The Word of Reconcilation
I have been thinking about the word/concept of reconciliation of late. Really it is more like I have been bombarded with it than contemplating it, seeing its evolution in others as well as in my own relationships. One of my mentors long ago when we were faced with a crisis where brothers and sisters were on both sides of the debate asked whether we would be a community of faith or a community of truth. The tension between these poles can be quite taunt at times, and that tension sometimes causes things to snap.
Another mentor once told me its all about relationships. It is all about relationships. This is what holiness is. But so often holiness gets plugged into an equation something like this - right with God= right doctrine, without any regard to "right with Brothers/sisters." The world is populated with right people who are living lonely existences. The world is also populated with people who don't have all the right answers and maybe even some wrong ones who are living in solidarity with God precisely because they are in solidarity with those whom they commune with.

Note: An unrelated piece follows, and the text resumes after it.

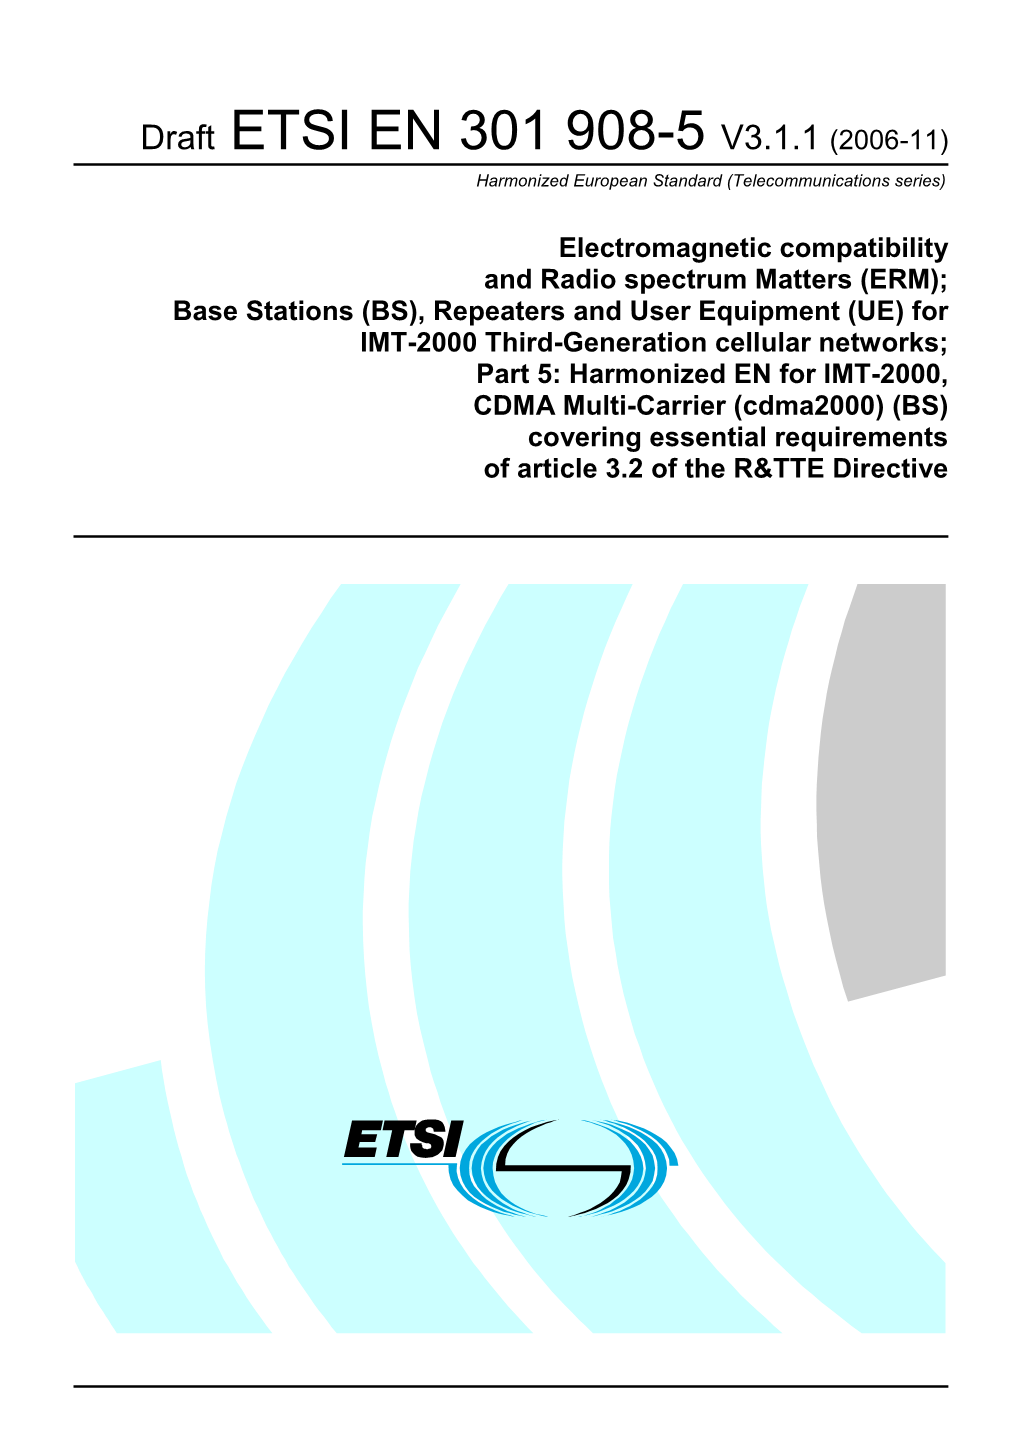 EN 301 908-5 V3.1.1 (2006-11) Harmonized European Standard (Telecommunications Series)

Don't get me wrong- right doctrine is very important. We must know what we believe. Yet one thing I read early this week is that Jesus did not have theology of healing; rather he healed people. As important it is to think things through and to work out our salvation with fear and trembling (intellectually) we must also work out our salvation in other ways, in ways that reflect a catholic spirit as Wesley encouraged. We may not all think alike, but we can love alike is how he once put it, or something to that effect. How often we isolate ourselves from Brothers and Sisters who have gifts to give to us all because we do not think alike. R. G. Spurling was also concerned about how doctrine built walls between spiritual brothers and sisters. The lost link in the church was Christ's law of love. Since Nicea, according to Spurling, the church has become more and more concerned about right and wrong, who's in and out, then about showing love one to another. The Law of Love established by Christ had been supplanted with creeds and doctrines of men. I am a strong believer in doctrine, but it is hard to argue with the divisive nature the church has taken on in our day.